Dunatothrips aneurae

Scientific classification
- Kingdom: Animalia
- Phylum: Arthropoda
- Class: Insecta
- Order: Thysanoptera
- Family: Phlaeothripidae
- Genus: Dunatothrips
- Species: D. aneurae
- Binomial name: Dunatothrips aneurae Mound, 1969

= Dunatothrips aneurae =

- Genus: Dunatothrips
- Species: aneurae
- Authority: Mound, 1969

Species of insect

Dunatothrips aneurae is a tiny haplodiploid eusocial insect less than 3 mm in length.

==Habitat==
Dunatothrips aneurae lives on Acacia trees in the Australian Outback. They preferred east-facing, thin terminal phyllodes on the Acacia trees.

==Nests==
For a nest to form, it requires a lone female to have male presence to initiate a domicile. They then construct them without male help before losing their wings on nesting by abscission.

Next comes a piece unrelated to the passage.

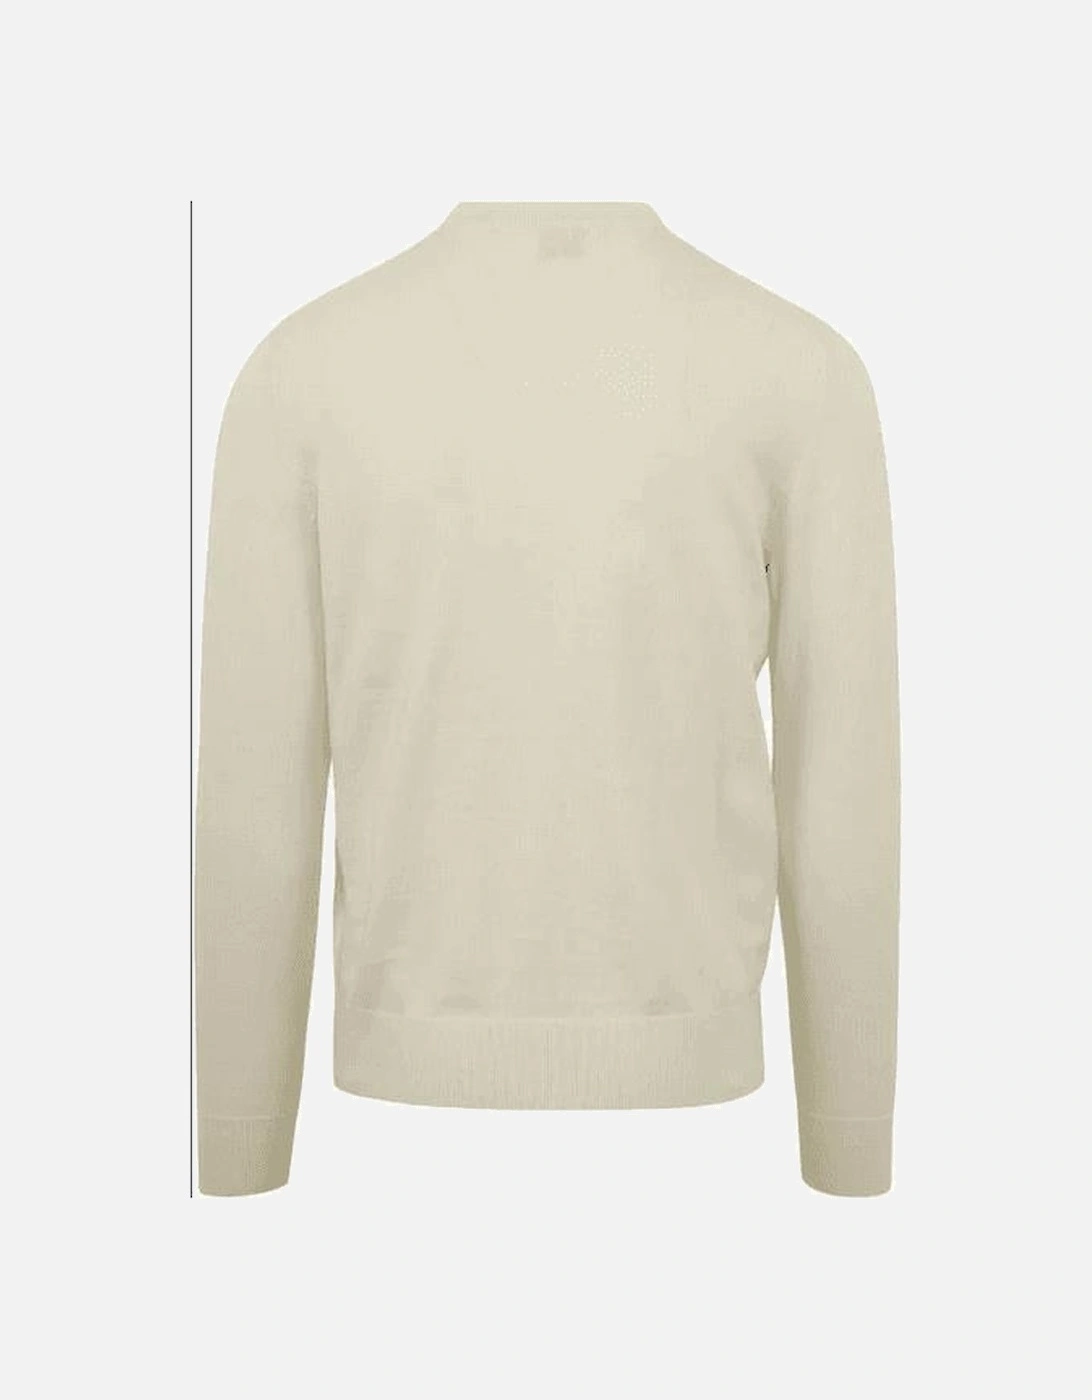 Kanovano Cotton Crew Neck White/Cream Sweatshirt

The nests are made from a silk-like glue which the extract from their bottoms and some mature nests contain middens. If the nest is broken, usually only one or two individuals step up to repair it, and the rest of the individuals get to enjoy the benefits of a repaired nest.

==Mating==
Male Dunatothrips aneurae engaged in short, truncated matings with their sisters before dispersing and mating with females in nearby nests.